By Eleanora I. Robbins, Timothy L. Corley, and Martha H. Conklin

This report is available in pdf format: pdf Robbins.pdf 84KB


Interaction of an acidic mine drainage plume with subsurface material in an alluvial aquifer has released dissolved manganese [(Mn(II)] into the perennial reach of Pinal Creek near Globe, Arizona. A combination of hydrologic and biogeochemical precesses is responsible for precipitation of a fraction of the entering Mn(II) as Mn-oxyhydroxides on surficial sediments, within the streambed sediments, beneath algal mats formed on surficial sediments, and among mosses and emergent aquatic plants. This study focuses on the variety and seasonality of biological processes associated with Mn-oxyhydroxide precipitates formed on glass substrates placed in surface waters characterized by different flows and vegetation. The glass slides were emplaced monthly at a single subreach of Pinal Creek to assess epilithic attachment and Mn oxidation; epiphytic oxidation was assessed periodically also. Oxidized Mn was associated with almost every organism in the consortium at Pinal Creek, from the microscopic to the macroscopic.

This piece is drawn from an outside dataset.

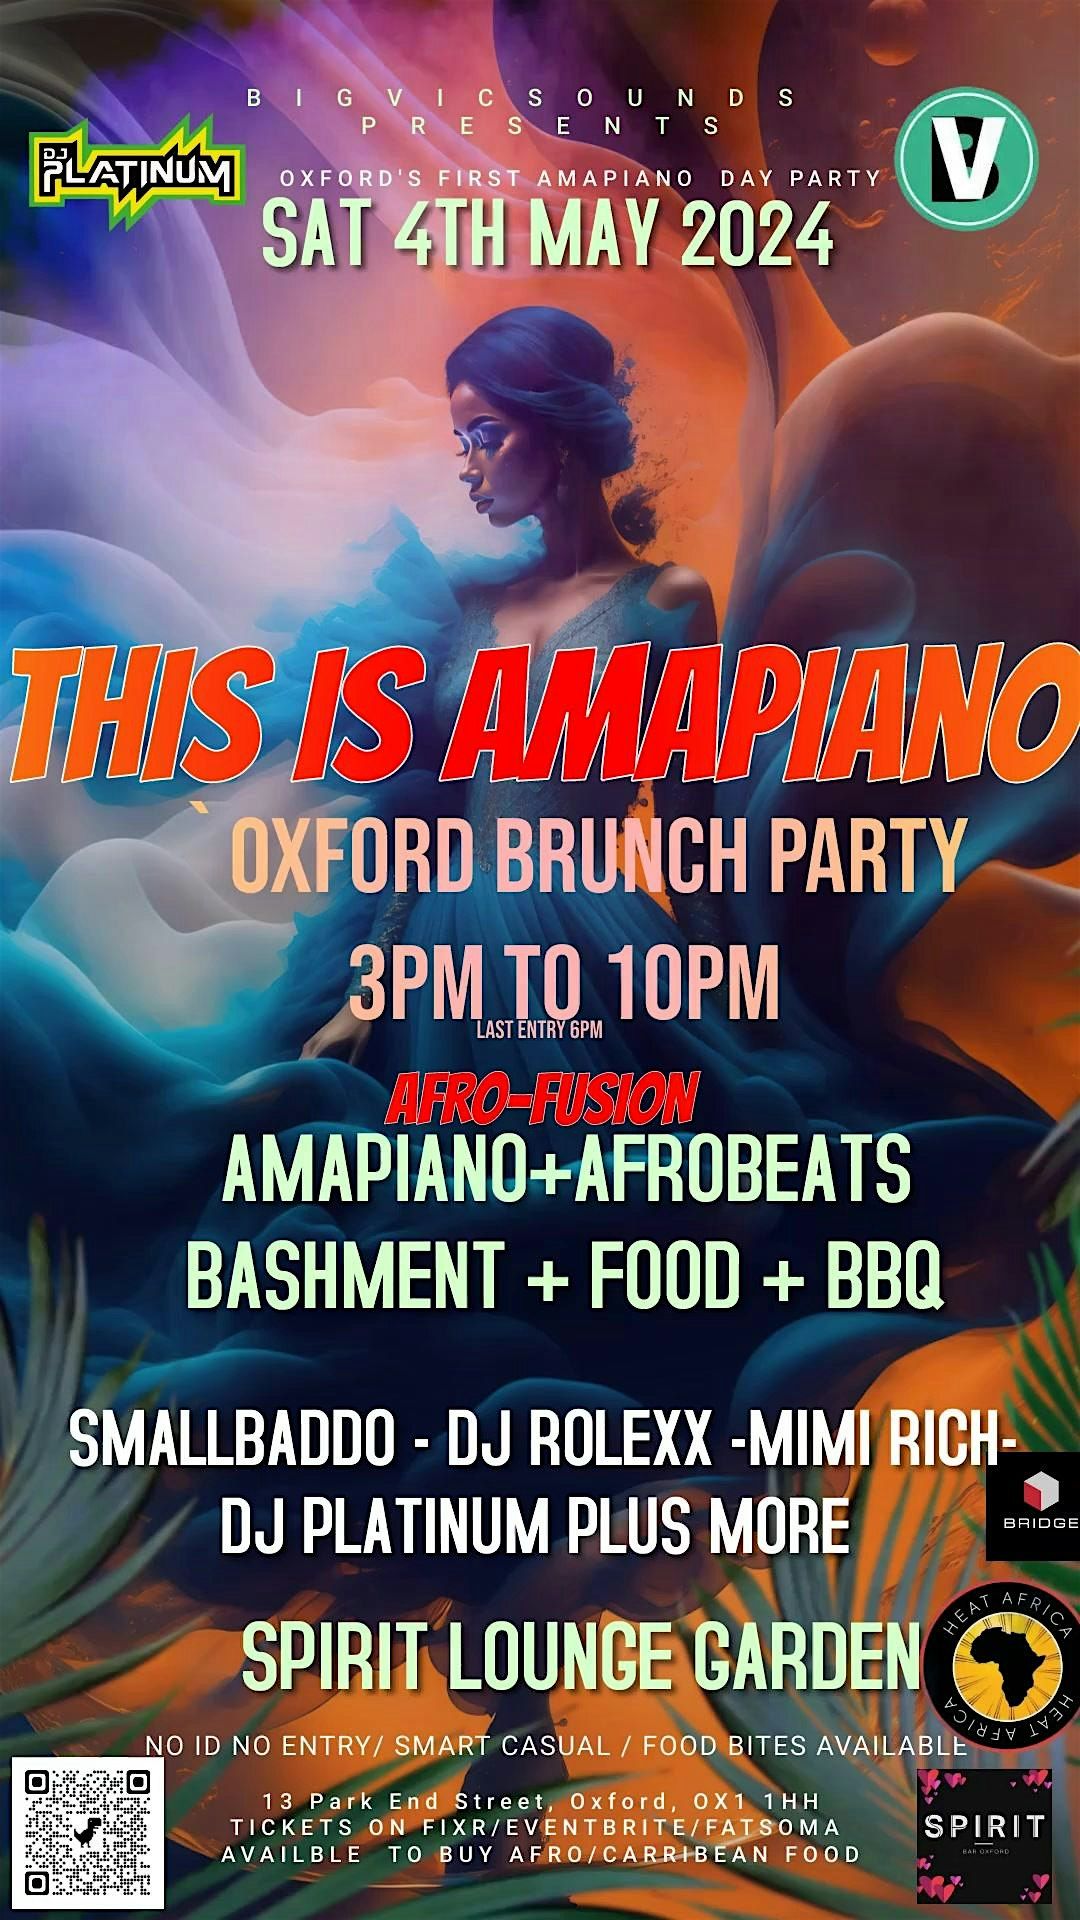 AMAPIANO AFRO-FUSION BRUNCH OXFORD DAY PARTY

Epilithic bacteria, fungi, algae, and protozoans were coated with oxidized Mn; every macrophyte examined had patches of oxidized Mn. The dominant epilithic precipitation forms were around holdfasts and within secreted substances. The black holdfasts of the iron bacterium, Leptothrix discophora, and the green alga, Ulothrix sp., were doughnut-shaped forms. Expansive patches of black extracellular polysaccharides were secreted primarily by bacterial filaments and fungal hyphae. The dominant macrophytic precipitation form was clumps of oxidized Mn on mosses, green algae, and cyanobacteria. These clumps are consistent with Mn precipitation by elevated pH during photosynthesis. More Mn-oxide precipitates were found in the spring and summer months than the fall and winter, consistent with biological and chemical activity models, and more formed in swifter water than in slower moving water, consistent with oxygen elevation models. These findings provide a better understanding of the biological factors that influence natural attenuation of Mn at Pinal Creek and identify some of the complex interactions between biota, hydrologic processes, and water chemistry that need to be considered to fully assess the affects of acidic mine drainage on stream systems.